That’s the other question the disciples asked and it’s one that every believer wants to know.  When will the end of the world come?  You can find books and websites geared up to making this prediction.  So let us be absolutely and totally clear on this because Jesus made it very clear.  No one knows, not even Jesus.  And if he doesn’t know then we can’t.  How many stories have we read in the newspapers about people who have exposed themselves as crackpots for making predictions about the end of the world?  No one knows when it will happen and Jesus makes it clear that life will be going on as normal when it does happen.  In other words most people will be caught out.  But not, he says, us, if we’re careful.  So what are we to do with this array of stories?  Well to be honest it strikes me that this is a very good time in human history to be putting all of this together because we are able to use the records of the past to judge the reliability of the predictions of the future by the way earlier predictions appear to have come true.  For example, the Old Testament is littered with predictions of the arrival of Jesus as an earthly incarnation.  Yes, if we read them with integrity so we can see that many of those passages have two points of focus, one close up and one far off.  Many of the prophecies that we read as predicting the birth of Jesus were fulfilled firstly by the coming of others to the Jewish people, anointed as God’s servants, as what we might think of as types of Christ; forerunners.  When Jesus himself arrived he fulfilled or re-fulfilled a significant proportion of them.  But not all of them.  Some of them suggested that God’s anointed one, his Messiah or Christ, would come in power, something that Jesus most definitely did not do.  Yet here Christ himself talks about the Son of Man coming in great power to mark the end of this age, and so we have evolved a doctrine of the second coming, that the Old Testament prophecies were indeed all true but marked two separate roles for God’s anointed servant.  The first was his incarnation as a lowly child of Mary and the second was his return at the end of the age.  It is to these prophecies of return that Jesus is referring in this passage.  But as we have seen, some of them refer to the fall of the Temple in Jerusalem in AD70 when the Romans utterly destroyed the newly completed Temple and not to the end of the world.

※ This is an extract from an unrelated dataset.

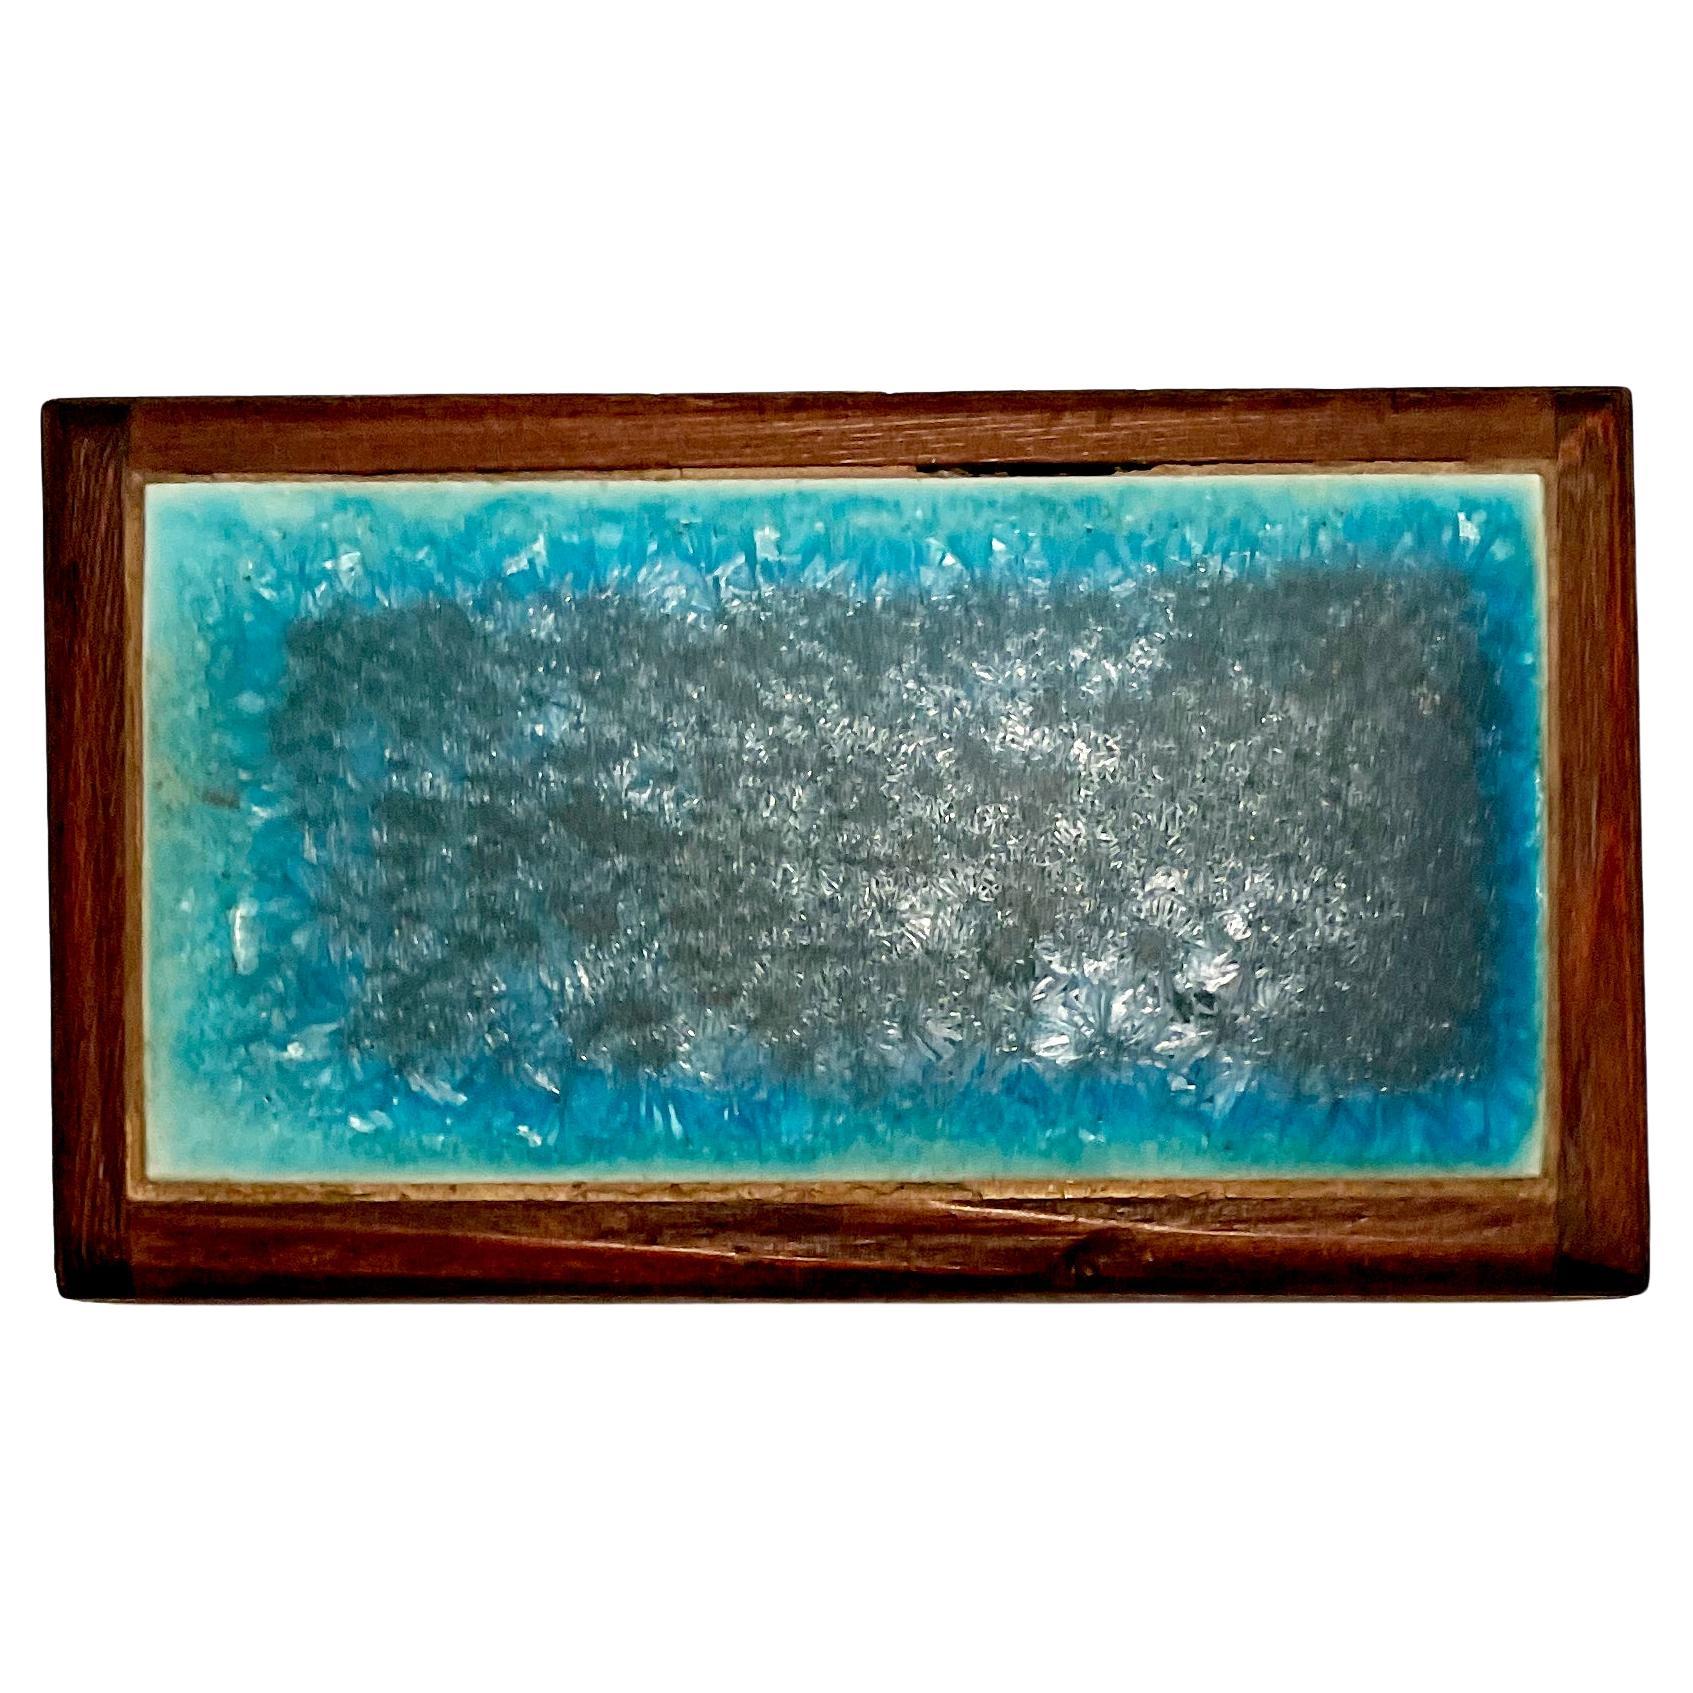 Boîte en bois de rose faite à la main avec des carreaux bleus craquelés créés par Doyle Lane. La boîte mesure 2

There is a fairly clear pattern for us here.  If Jesus’s birth fulfilled half of the Old Testament prophecies about him, and if he himself added prophecies about the fall of Jerusalem, then shouldn’t we be taking seriously his claim that he will return one day in power?

And that is really the point of all of this.  Parts of the Old Testament predict his arrival as one who comes almost silently and gently.  That happened.  He predicted the fall of Jerusalem, and that happened.  So if he says that one day he’s coming back, well shouldn’t we be taking notice?  So when will it happen?  Well therein lies the problem.  Jesus made it clear that even he didn’t know.  Only God the Father knew. And the Father was keeping the knowledge to himself.  You can understand why because not knowing encourages us to live in a particular way, which is in a state of waiting readiness, observing the signs of the age.

The whole meaning of this entire chapter can be brought down to just two words at the beginning of verse 42: ‘Keep awake.’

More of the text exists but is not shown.